“――?!”
剛剛從石頭后面沖出來,正一臉震驚地看著這一幕的赤霄,還沒反應過來發生了什么,就被那個倒飛過來的身影一把薅住了后領子。
就像是拎一只小雞仔。
一大一小兩道身影就這樣同時被扯向那個扭曲的黑洞。
狂風呼嘯,金光與黑暗交織。
就在即將徹底消失的那一瞬,朔離扭過頭,看向了那個依舊站在原地,搖搖欲墜的白衣身影。
二人的目光在空中交匯。
林會琦那雙素來冰冷的藍眸里,此刻盛滿了某種名為錯愕的情緒。
“朔――”
朔離忽然笑了一下。
哪怕她的左手還在滴著血,少了三根指頭的手掌看起來觸目驚心。
哪怕她下一秒就要被卷入未知的危險之中。
她還是扯動嘴角,沖著林會琦眨了眨那只沒有被血糊住的左眼。
那種熟悉的戲謔光芒,再一次在那雙黑眸里跳動。
“林師姐。”
她的聲音有些飄忽,清晰地鉆進了林會琦的耳朵里。
“痛不痛啊?記得用最好的傷藥,你那么厲害,可不能留暗傷了。”
“別太想我哈,去去就回。”
話音落下,那道黑色的漩渦猛地收縮,將那一青一黑兩道身影連同那面金鏡一起,徹底吞噬殆盡。
“轟――”
天地間最后一點金光隨之消散。
那股壓得人喘不過氣的威壓如同潮水般退去,消失得無影無蹤,只剩漫天的煙塵還在緩緩飄落。
“……”
風停了。
世界重新歸于死寂。
林會琦仍保持著那個站立的姿勢。
那股壓得她骨骼咯吱作響的恐怖威壓已經消失得干干凈凈,就像從來沒有出現過。
身體的控制權重新回到了自己手里,凝滯的血液開始再次流動,伴隨著一種像是有無數螞蟻在經脈里爬行的酸麻刺痛。
她試著動了動手指。
“咔噠。

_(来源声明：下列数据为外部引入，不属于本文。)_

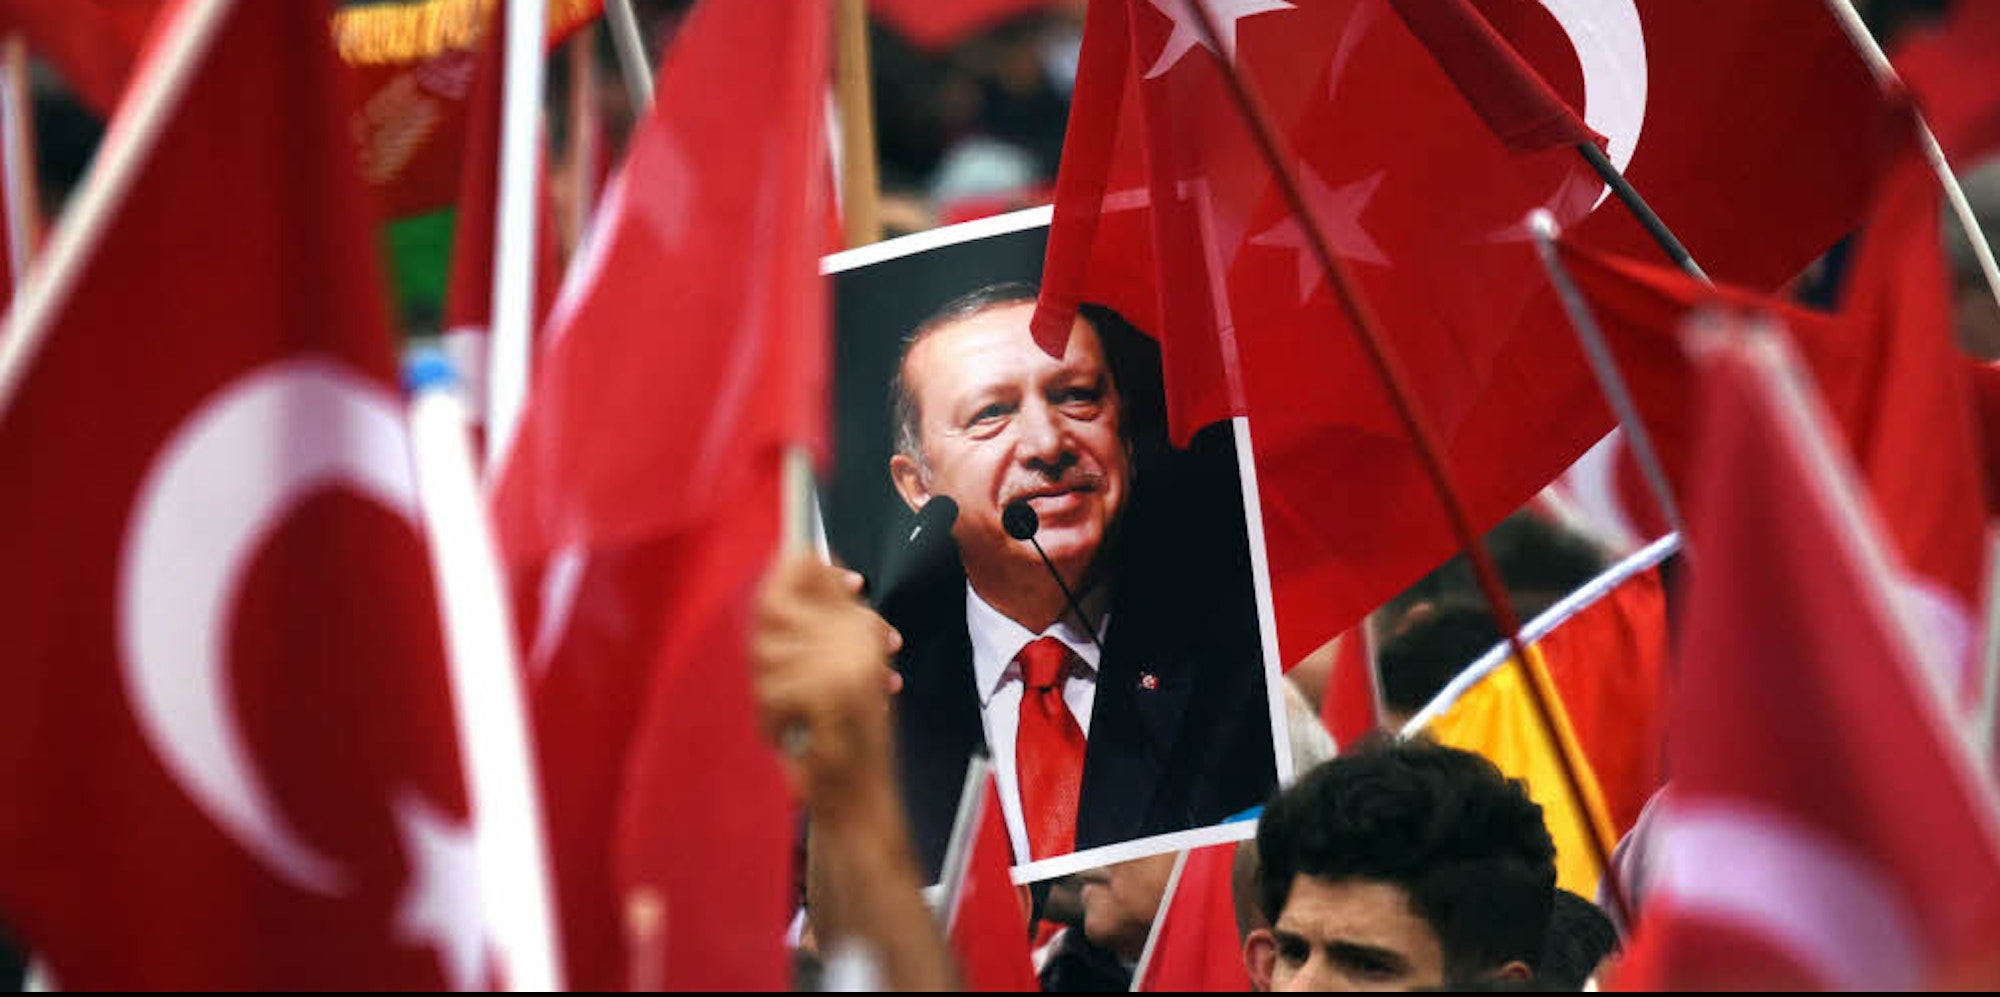 Im Fokus: Der Besuch von Erdogan am 29. September fordert die Polizei und sorgt für massive Behinderungen in der Stadt.

”
早已布滿裂紋的流霜劍發出一聲哀鳴,從她無力的指尖滑落,磕碰在身下那塊焦黑的巖石上。
林會琦有些遲緩地抬起頭――
那里什么都沒有。
“朔離……”
耳邊似乎還回蕩著那句沒心沒肺的笑語。
“別太想我哈,去去就回。”
去去就回?
那是渡劫期的法寶。
僅僅是威壓的余波就讓元嬰后期的她跪地不起,七竅流血。
而那個只有元嬰初期,總是喊著“保命要緊”、“積分第一”的家伙,卻在那一瞬間,徒手抓住了那東西。
――為了什么?
林會琦低下頭,視線落在了身前那片狼藉的碎石堆里。
那有一攤觸目驚心的血跡,還沒干涸,在焦黑的泥土上顯得格外刺眼。而在血泊之中,三根蒼白的斷指靜靜地躺在那里。
斷口整齊,是被某種無法抗拒的大力硬生生扯斷的。
從來沒有人……
從來沒有人會為了她做到這一步。
在林家,她是必須完美的繼承人,是家族榮耀的象征;在宗門,她是高不可攀的峰門弟子,是眾人仰望的標桿。
所有人都覺得她強大、冷漠、無堅不摧。
甚至是她的弟弟――
“……不麻煩。”
林會琦喃喃自語。
“這就是你說的……不麻煩嗎?”
她閉上眼睛,深吸了一口帶著血腥氣的空氣,再睜開時,那雙眼眸里的迷茫與錯愕已經消失了。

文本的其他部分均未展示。